Victimes de la secte des Boko Haram (Nigeria)
C'est l'un des pires cauchemars des services de renseignement. Et il est en train de se matérialiser. Au Nigeria, la secte islamiste Boko Haram (ce qui signifie "l'éducation occidentale est un péché" en haoussa) est en train non seulement de monter en puissance et de se radicaliser, mais surtout de devenir un centre puissant de l'arc du terrorisme qui va de la Mauritanie à la Somalie.

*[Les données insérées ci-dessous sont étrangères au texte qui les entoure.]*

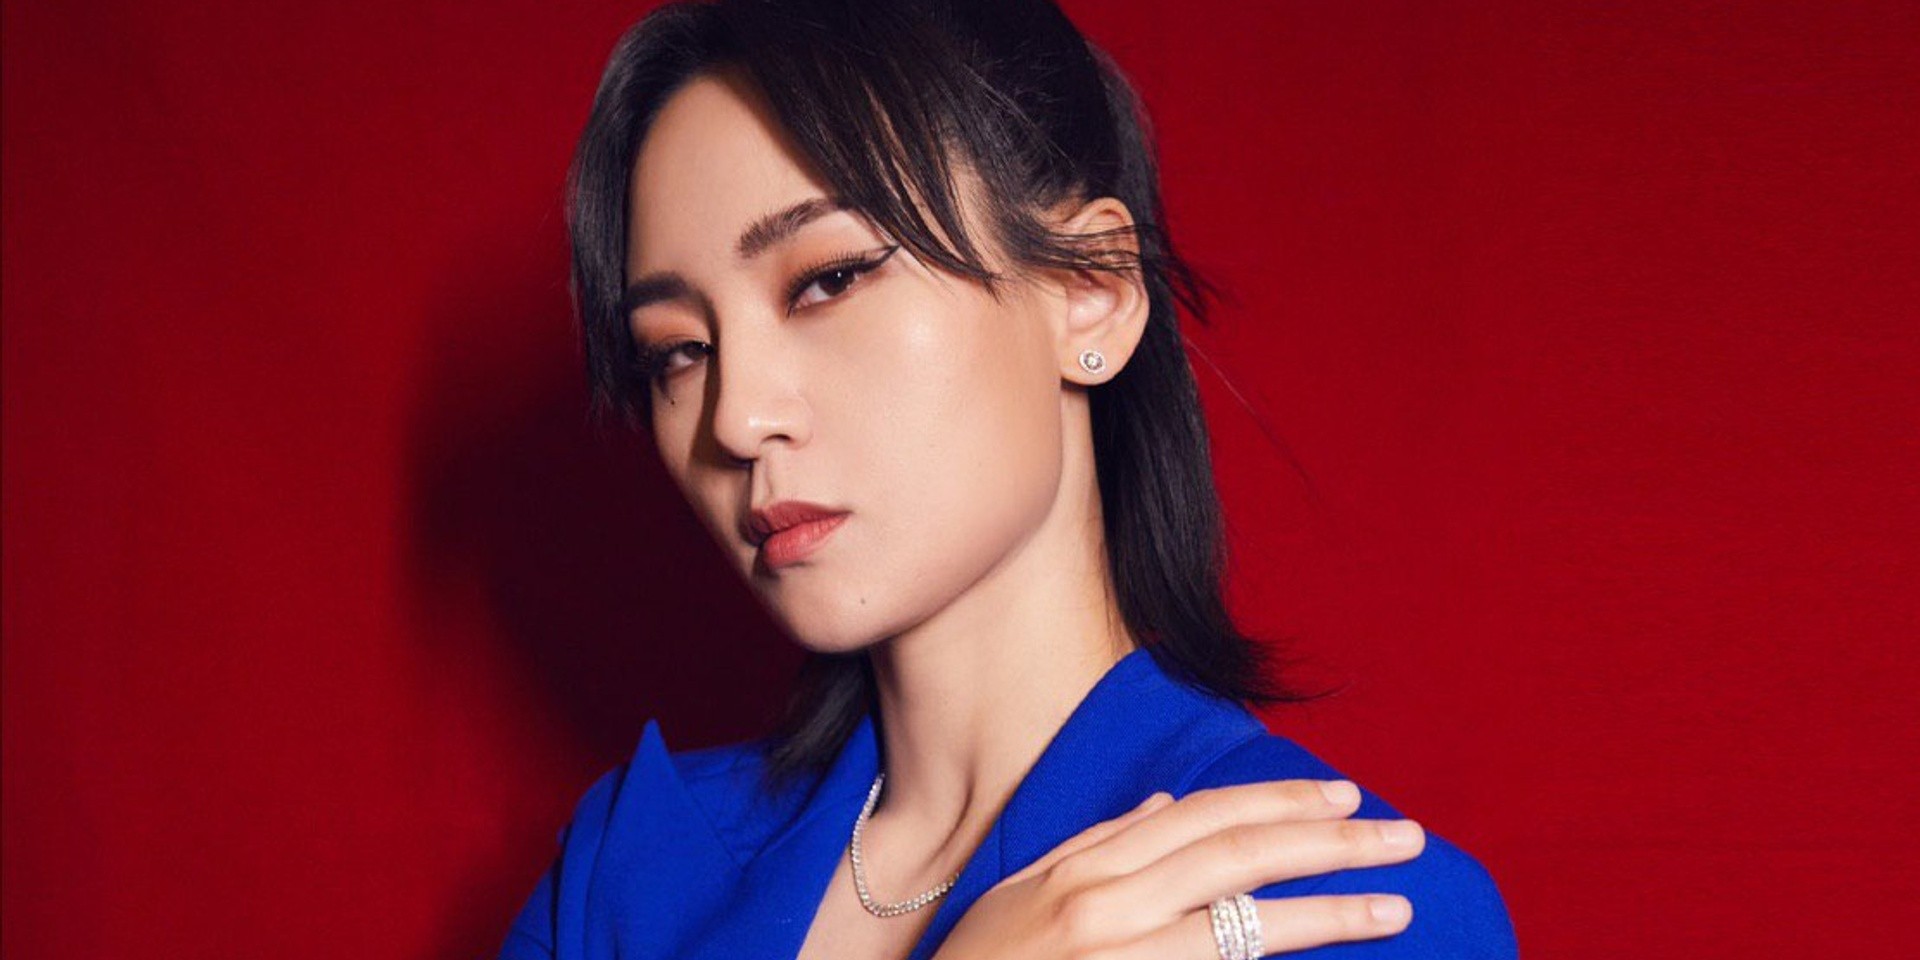 Mandopop artist Bibi Zhou releases new album, Slime

Ainsi Abdelkader Messahel, le vice-ministre algérien des Affaires maghrébines et africaines, vient de révéler ce que beaucoup d'experts craignaient : ce mouvement armé, né dans le nord-est (musulman) du pays le plus peuplé d'Afrique (160 millions d'habitants), a tissé des liens avec les milices islamistes somaliennes shebab, adeptes de feu Ben Laden, mais aussi avec le groupe salafiste Al-Qaida au Maghreb islamique (Aqmi), dominé par les anciens du GIA algérien et actif en Algérie et dans le Sahel. ""Nous avons acquis la certitude qu'il y a coordination entre Boko Haram et Al-Qaida", a déclaré mi-novembre le vice-ministre.

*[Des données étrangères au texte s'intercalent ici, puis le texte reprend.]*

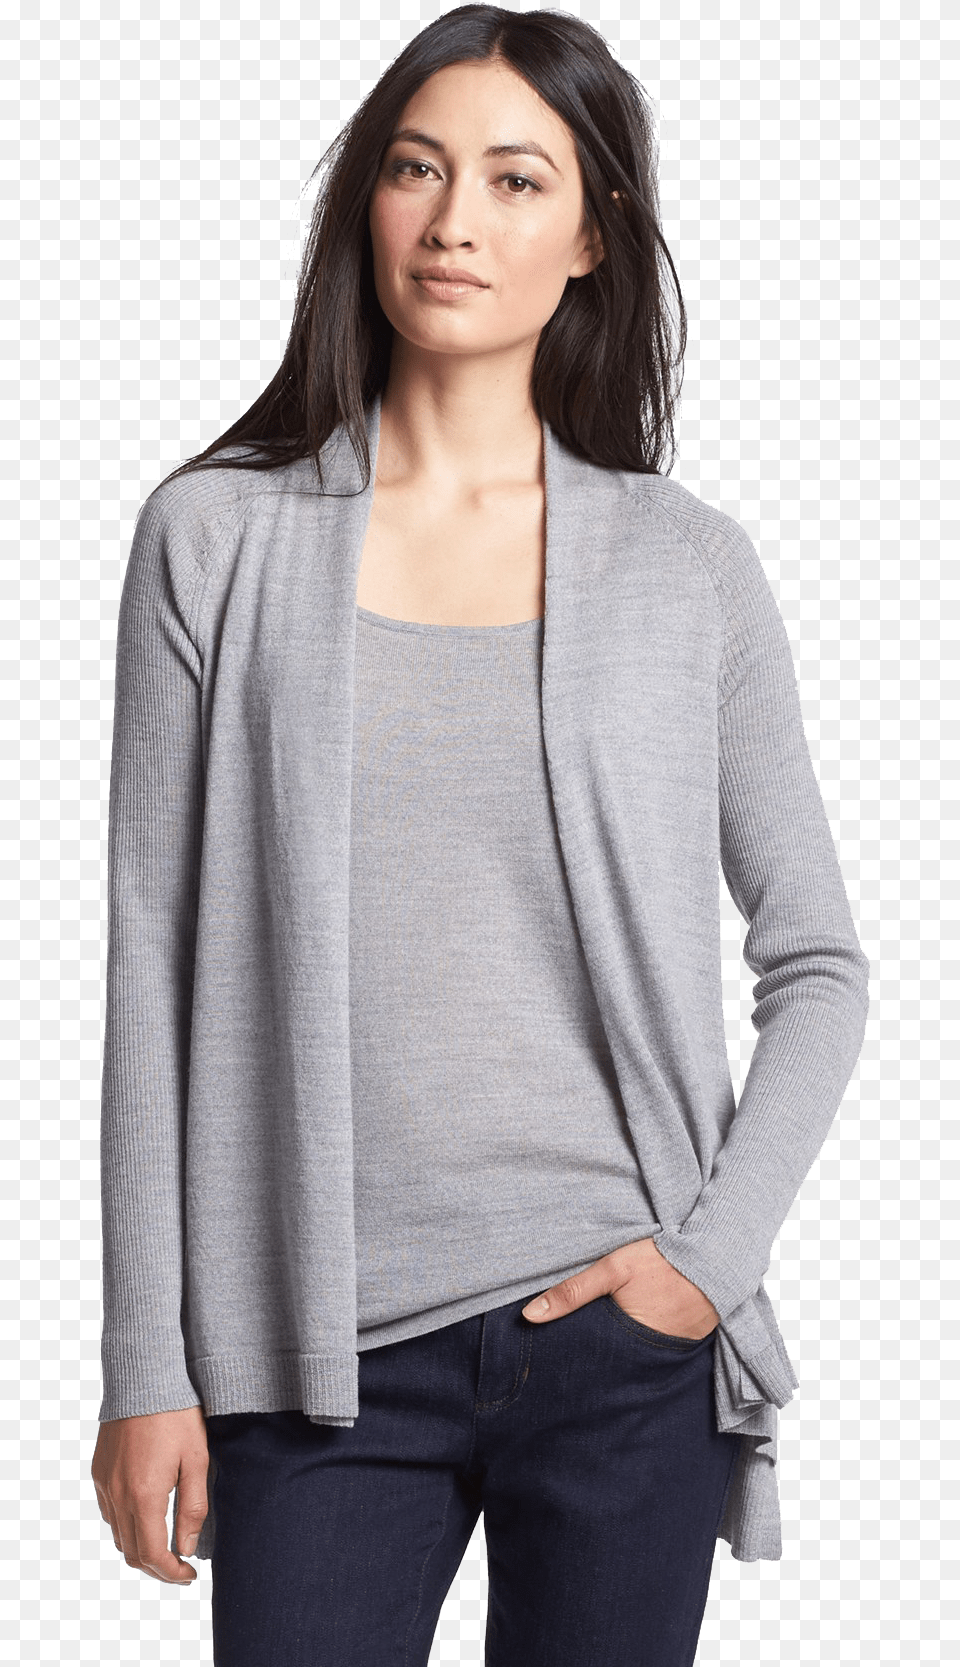 Women Shrug Hd Background, Clothing, Knitwear, Sweater, Coat Png

Des liens avérés avec Al-Qaïda
Les preuves ? Les enquêteurs ont fait "parler" les téléphones portables trouvés sur les dépouilles des tués lors de l'affrontement armé du 8 janvier dernier après la prise en otage de deux jeunes Français au Niger (qui s'était soldée par la mort des deux hommes). Ils ont retrouvé la trace d'un intermédiaire entre Boko Haram et Aqmi, déjà répertorié par les services de renseignement.
L'enquête a aussi révélé qu'un Nigérien, déjà soupçonné de connivence avec les ravisseurs, avait fait ses études à Maiduguri, une ville du nord-est du Nigeria réputée être une des bases stratégiques de la secte Boko Haram. Ces liens avérés expliqueraient, selon les experts, la radicalisation de la secte nigériane qui recourt désormais à des attaques suicides alors qu'elle se contentait jusqu'à récemment d'attentats à l'explosif. Ainsi, le 26 août dernier, visant pour la première fois la communauté internationale, un kamikaze de Boko Haram au volant d'une voiture piégée percutait le bureau des Nations unies à Abuja, la capitale du Nigeria, faisant plus de 20 morts.
Les morts se comptent par centaines
Lors des attaques régulièrement lancées par la secte contre des commissariats, des églises ou des prisons dans le nord, les morts se comptent par centaines. Outre la montée de la violence, le développement de la nébuleuse terroriste d'Al-Qaida hors du Sahel inquiète car il correspond au retour des combattants subsahariens (pro-Kadhaf) de Libye, ainsi qu'à l'arrivée d'armes lourdes en provenance des arsenaux pillés de ce pays.
En visite en novembre au Nigeria, le ministre français des Affaires étrangères, Alain Juppé, a fait une offre de coopération aux autorités nigérianes dans le cadre de la lutte antiterroriste. Donnée pour mourante par certains experts, la nébuleuse Al-Qaïda n'a peut-être pas dit son dernier mot.